BPPV – Benign Paroxysmal Positional Vertigo

BPPV, or Benign Paroxysmal Positional Vertigo, is the most common source of vertigo. Vertigo is the false sensation that you are falling, or the room is spinning. The main symptom of BPPV is that your vertigo is triggered by head movements (suddenly looking up, down, or to the right or left.) Rarely serious, it is significantly disabling and can cause a risk of falling. Fortunately, it can be helped by physical therapy.

Tiny organs and fluid in your inner ear are responsible for balance. BPPV occurs when tiny calcium crystals called otoconia or “canaliths” come loose from their normal location in the inner ear.  When the ear crystals become detached, they can flow freely in the fluid-filled spaces of the inner ear, including the semi-circular canal – the organ that senses rotation of the head. These floating crystals create havoc, by falsely telling your inner ear that your position in space is changing. This is what causes the spinning sensation with head movement that people with BPPV describe.
Your physical therapist will perform a thorough evaluation to determine whether your vertigo/dizziness is likely caused by BPPV. If so, positional techniques called “Canalith Repositioning” can be very effective in resolving the symptoms.
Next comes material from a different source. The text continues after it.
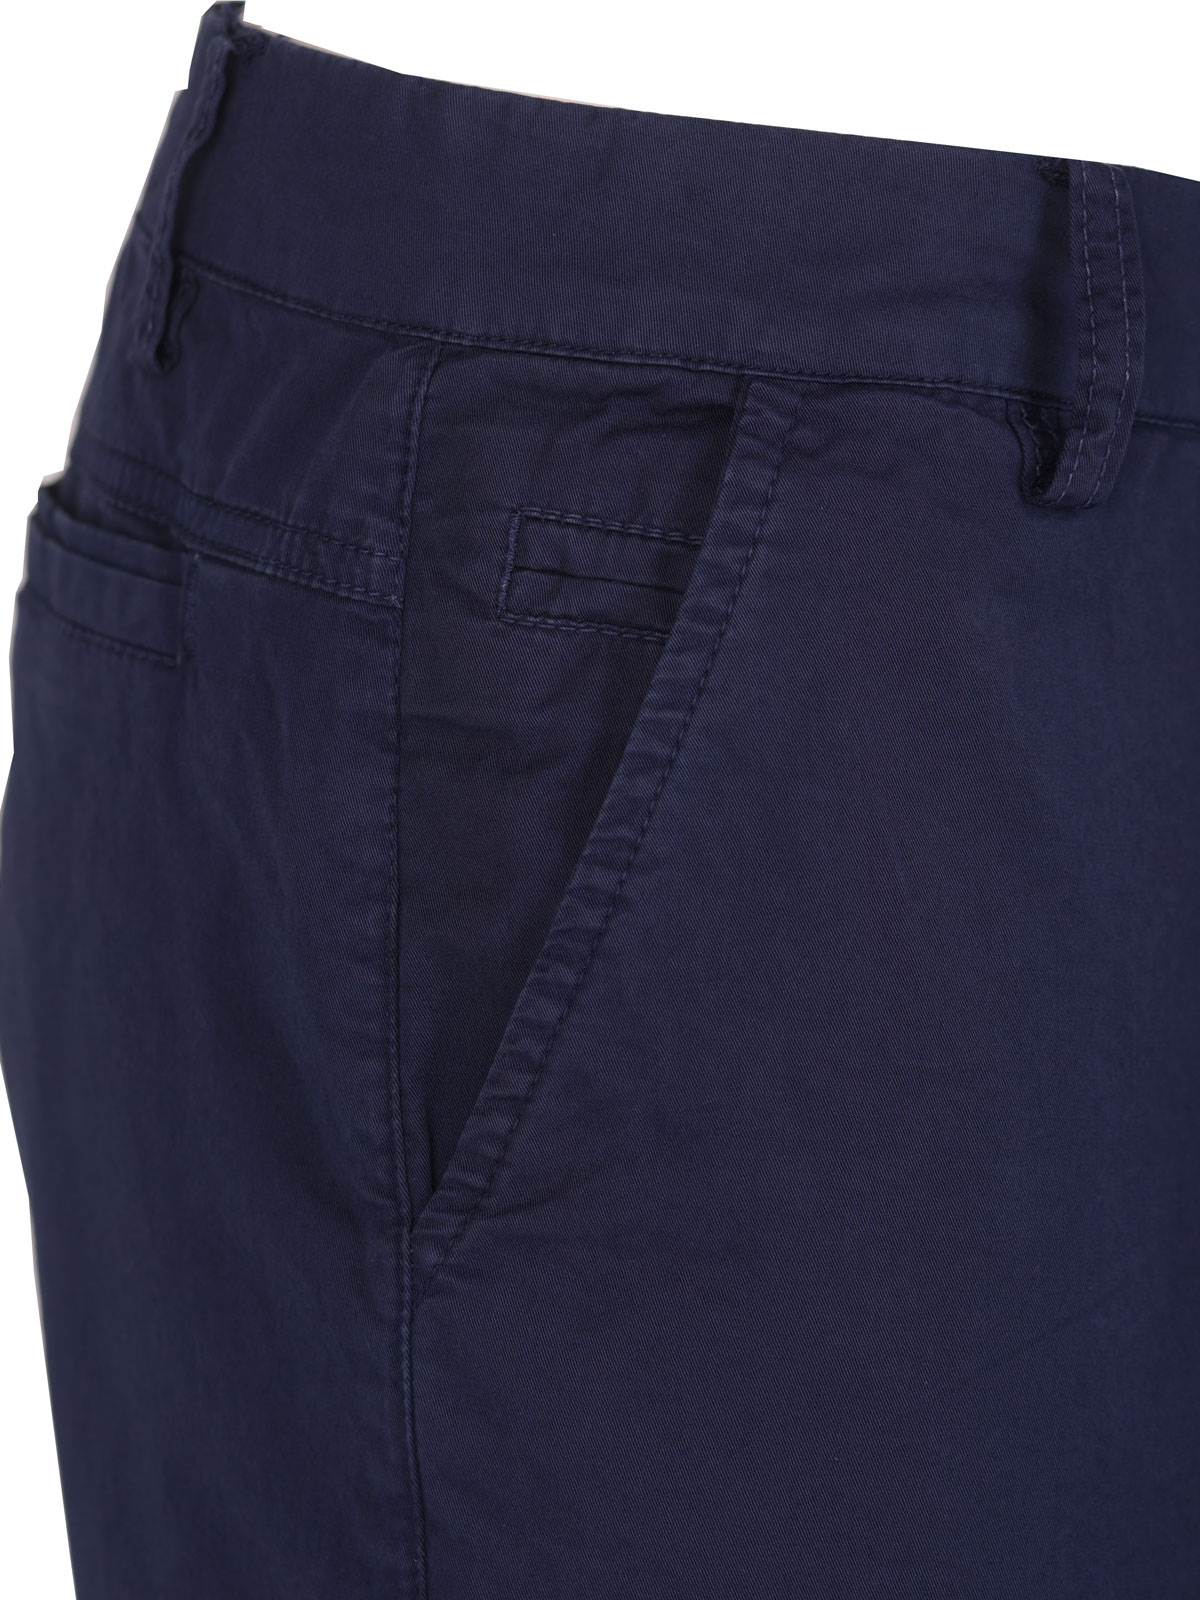 Κοντό παντελόνι σε μπλε χρώμα - 67091 € 43.87 img2

What Does A Physical Therapist Do for BPPV?

Saunders Therapy Centers physical therapists are all skilled at performing Canalith Repositioning techniques.
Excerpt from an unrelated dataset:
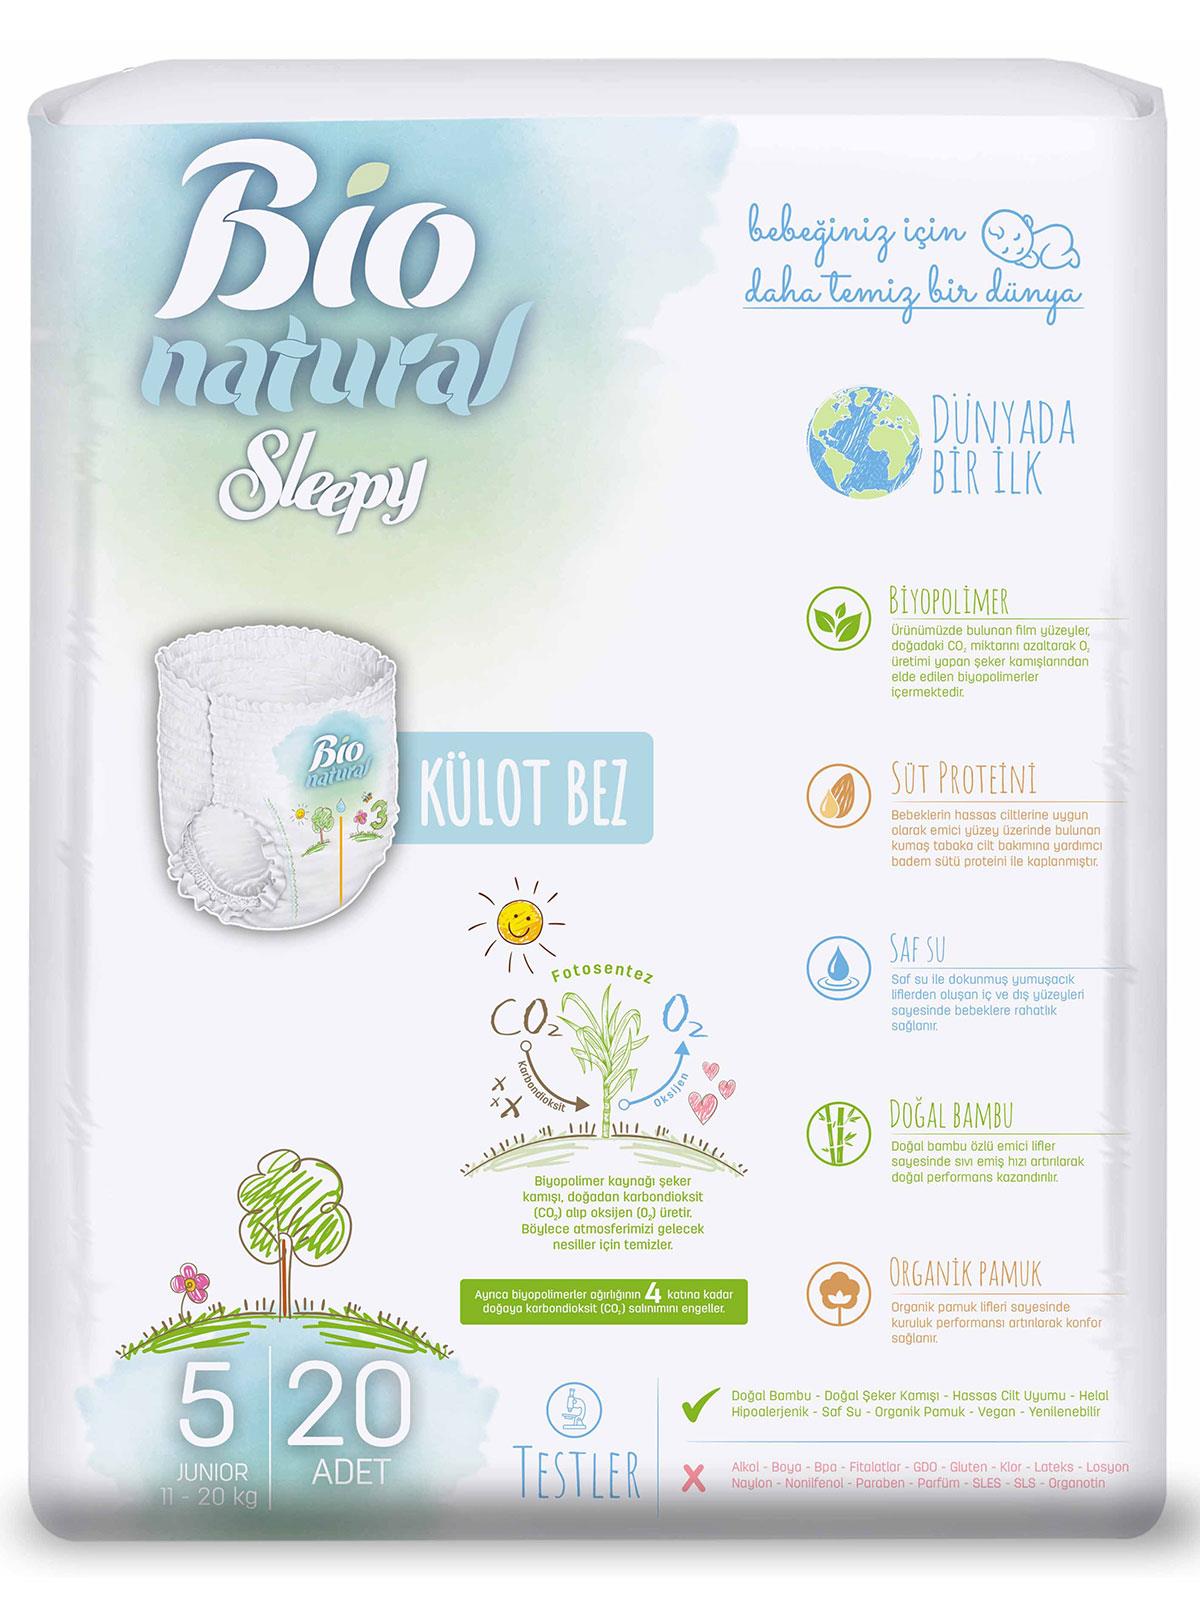 Sleepy Bio Natural Külot Bez 5 Numara Junior 11-20 kg 20 Adet

The canalith repositioning procedure consists of several simple maneuvers for positioning your head. Guided by your therapist, the head movements attempt to move the loose particles from the fluid-filled semicircular canals of your inner ear into a location where they don’t cause trouble and are more easily resorbed.

This procedure often works immediately, and usually works after one or two treatments. Since BPPV can recur, you will be taught how to perform the procedure on yourself so that you can do it at home if needed.